Google Briefing Mobile User Experience

App or Website?

The question was posed as to which is better for mobile devices: an app or a website? The short answer was that if you can afford to do both, then do both. Just make sure that any app developed is amazing, as it has to compete with modern website designs, which can be very app-like themselves. However, if both are not affordable, then a mobile responsive website is the better option.

What Type of Responsiveness

In designing websites, developers have three choices to implement a mobile friendly site;

  • Responsive Design: uses the same URL and same HTML
  • Dynamic Design: uses the same URL, but different HTML
  • Separate Design: uses different URL and HTML

From Google’s point of view, the responsive design is best, as tracking, linking, clicks etc. etc., remain consistent across all platforms. And not inconsequentially, the responsive site is also less expensive for clients to build, design and maintain.
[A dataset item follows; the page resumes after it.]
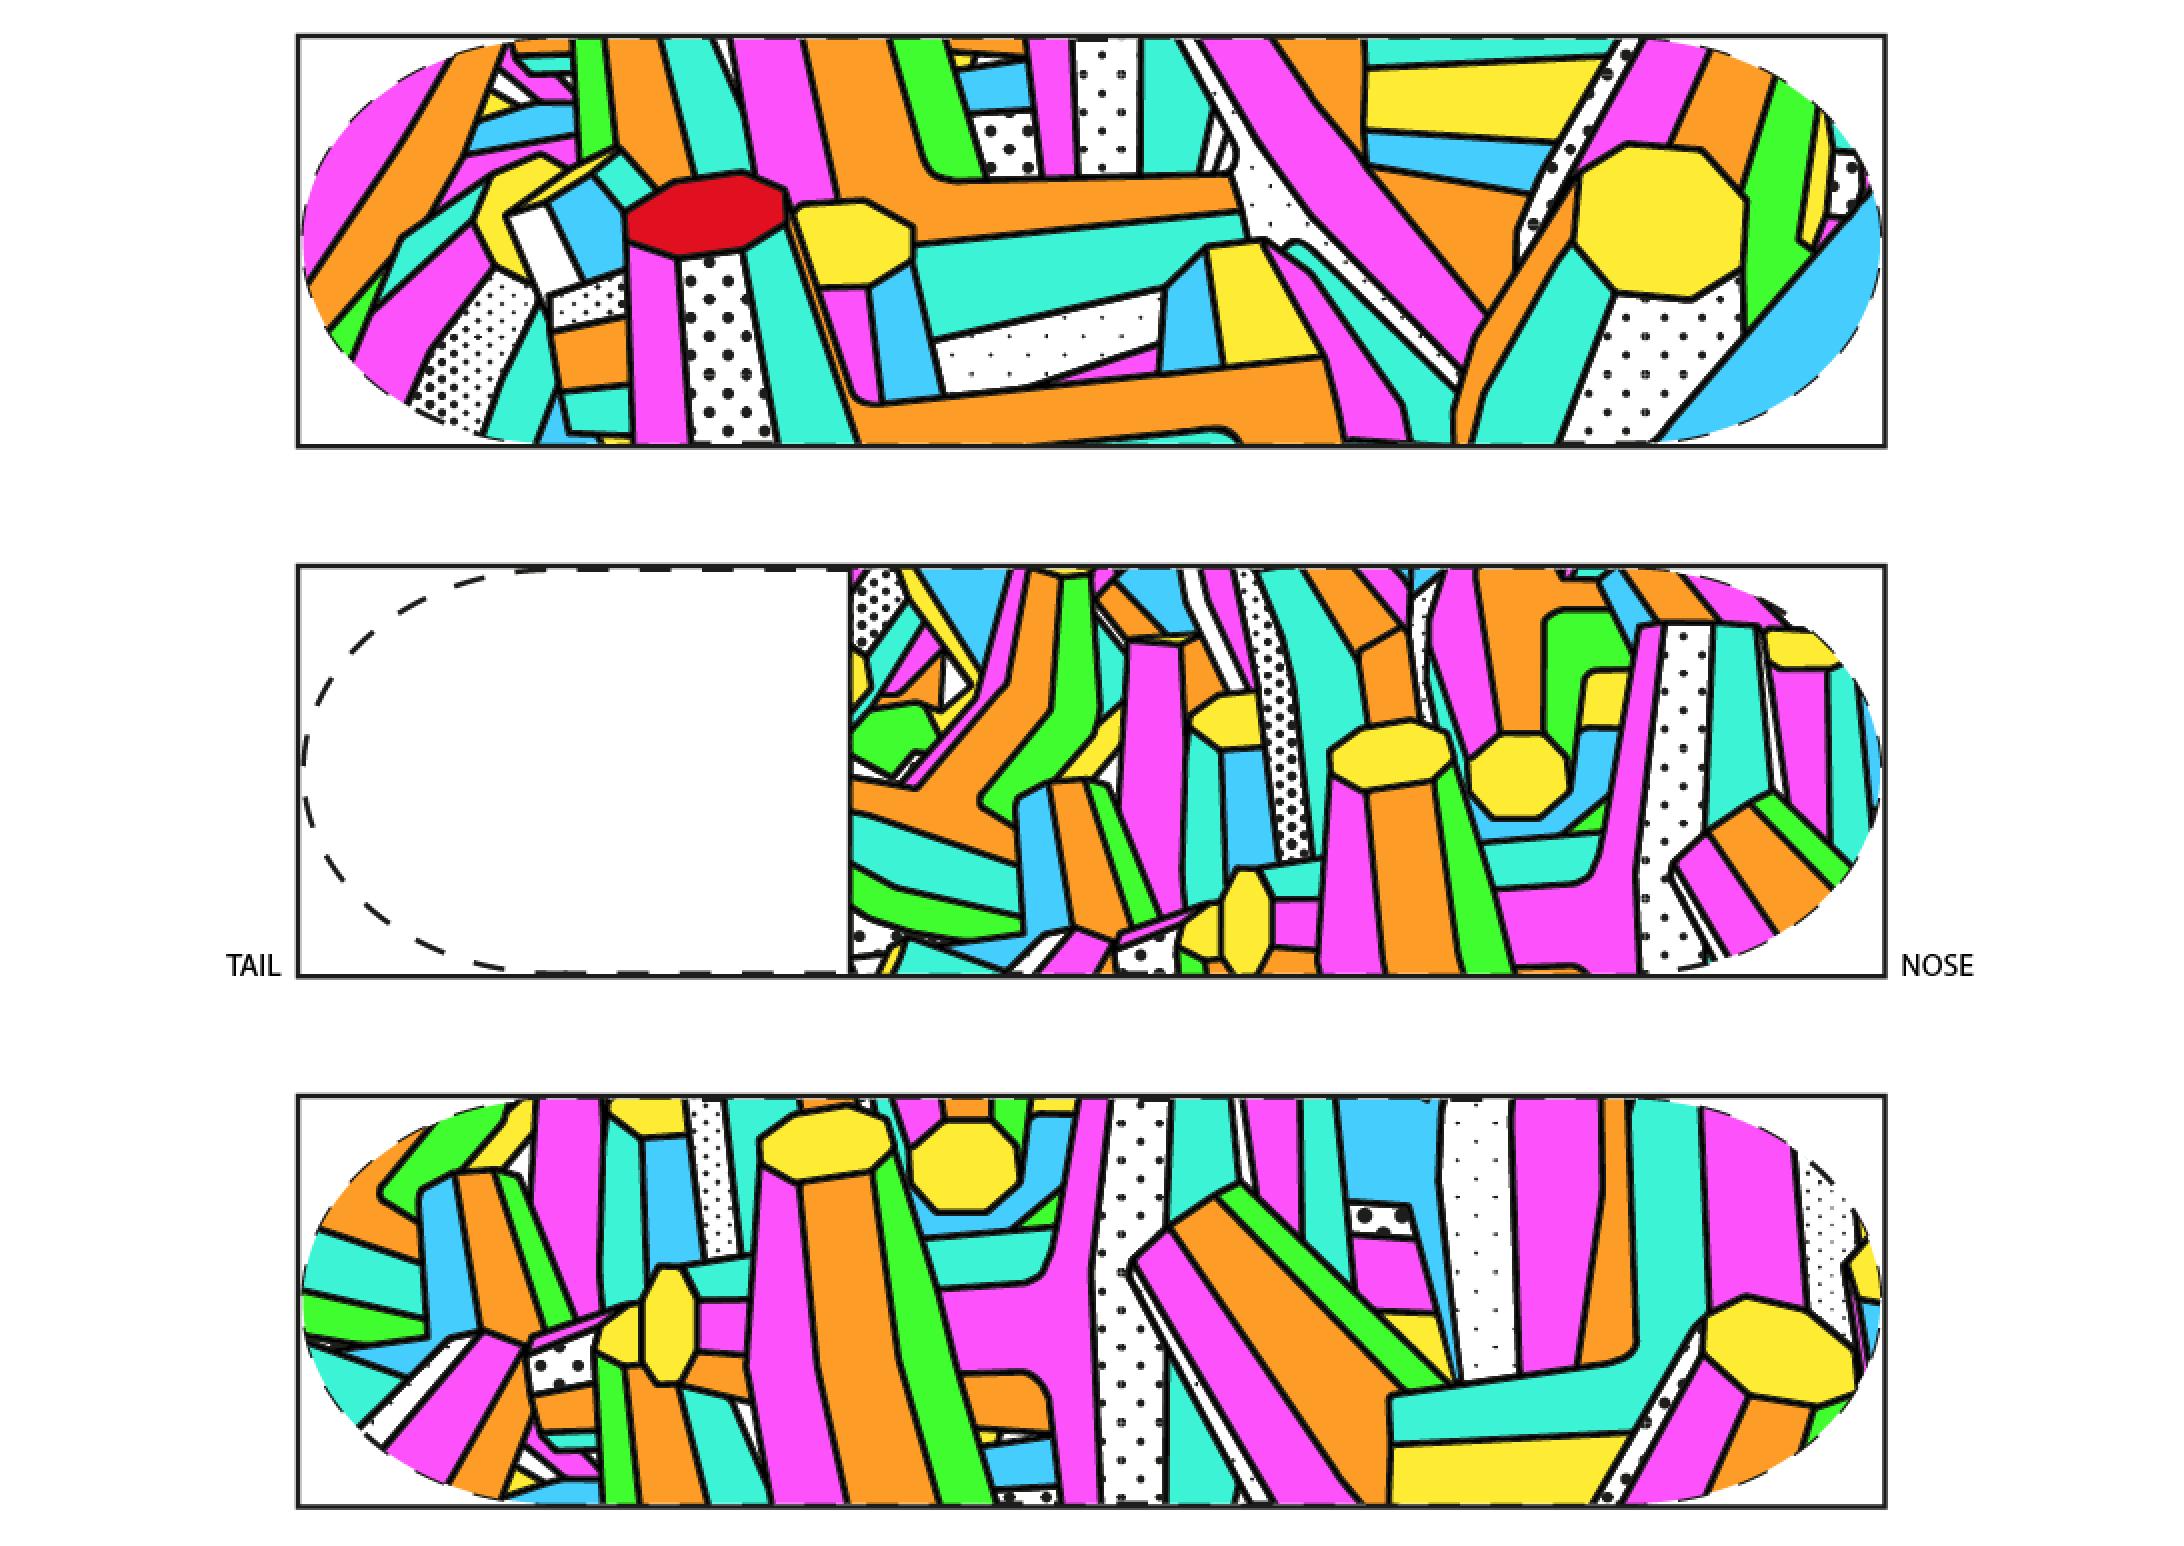 skateboard graphics on Illustrator #dothingsyoulove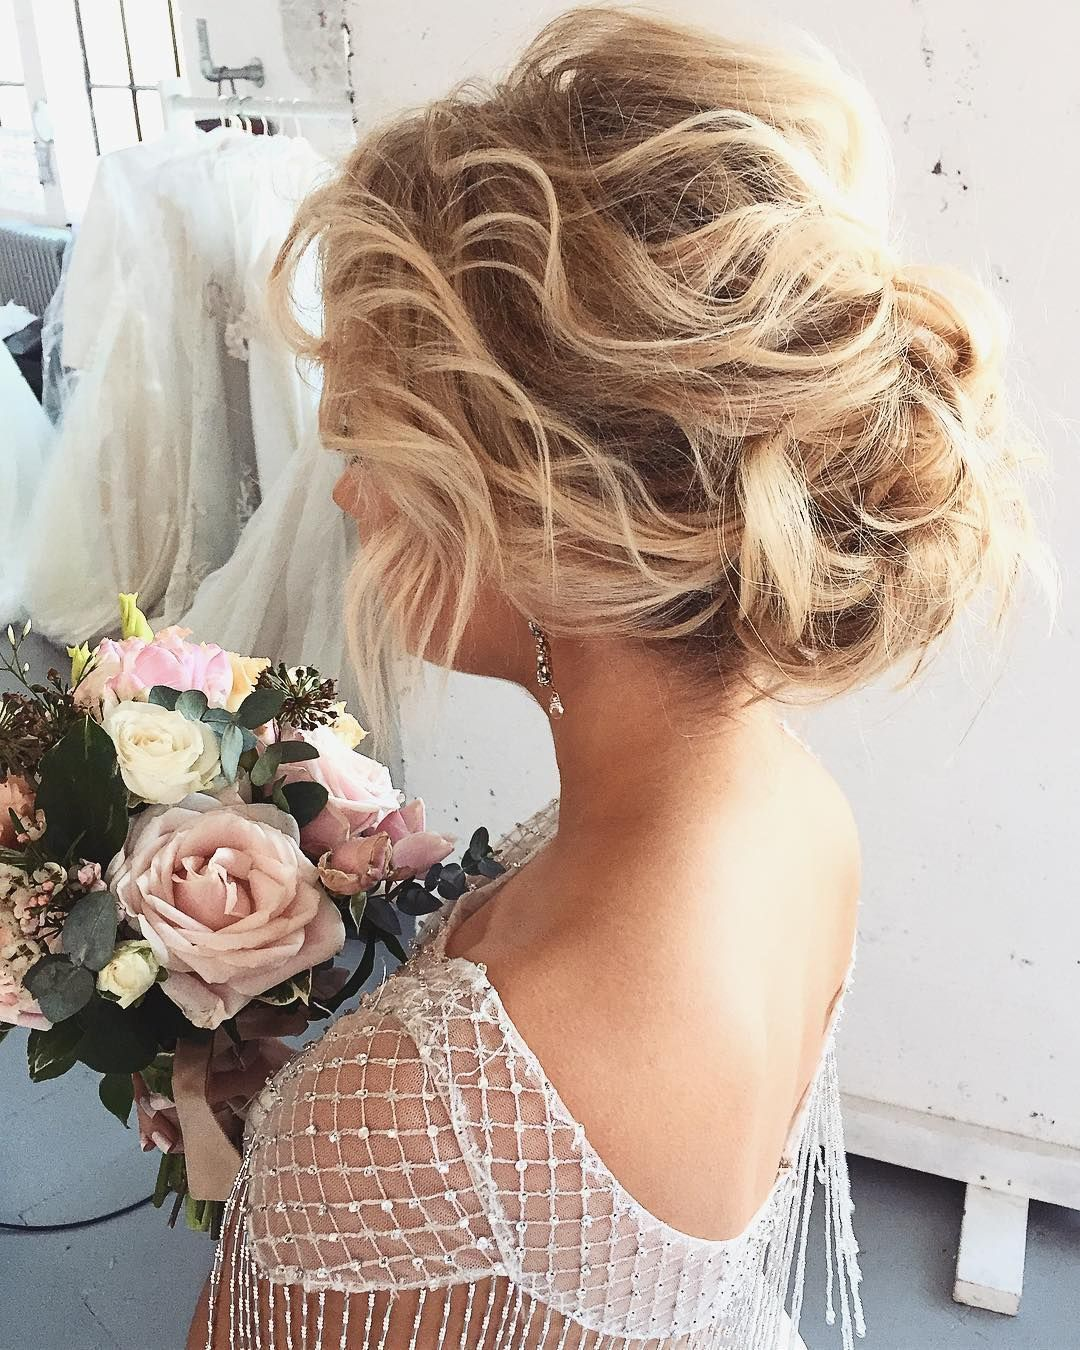 Elegant Updo Wedding Hairstyles Spring 2015: Textured Updo, Updo Wedding Hairstyles,updo Hairstyles

Make it Easy for the User.

The focus of the presentation was clearly on making the interaction with a mobile phone website as easy as possible for the user. He cited a number of examples for clients to consider when seeking to improve website engagement through smart phone users.

  • Make it “thumb friendly” – the tap targets should be big and well located on the screen for ease of use.
  • Give users what they want – don’t tell them about your 2,500 stores worldwide – all they care about is the store closest to them.
  • If you offer a site search function, don’t naturally assume the “magnifying glass” icon will suffice. For some this icon means it makes text etc. bigger – not search.
  • Obsess over load speed – the faster the site loads the better.

Check out your mobile site speed at this link: https://developers.google.com/speed/pagespeed/insights/

Improve Conversion

For clients who offer e-commerce via their mobile site, a few suggestions to improve the rate of conversion are:

  • Free shipping/post & packing/delivery can often appeal more than a product discount (even if the value of the shipping is lower!)
  • Don’t surprise people with a shipping cost at the final checkout stage – make costs clear earlier in the shopping process.
  • Don’t minimise or hide your phone number on mobile. It’s being displayed on a phone – make use it.
  • If you need users to fill in data, ensue that the appropriate input keypad shows: the number key pad for numbers, the alpha key pad for text and, if an email address is needed, ensure the @ symbol is there to be clicked.
  • Keep the “add to cart” button screen at all times, even when user scrolls.
  • Use bespoke product information for each product in your CMS (for example: if you sell red shoes and also shoes in similar shades like burgundy, wine, crimson, scarlet, cherry etc. don’t class them all as “red”).

Finally – Measure it All

There is no point in investing time and resources into implementing all the above if you don’t analyse the results. Use your analytics data to look in detail at:

  • What product/category pages are generating high traffic?
  • What product/category pages are delivering the highest conversions?
  • How do traffic volumes and conversion rate correlate? Is any action indicated?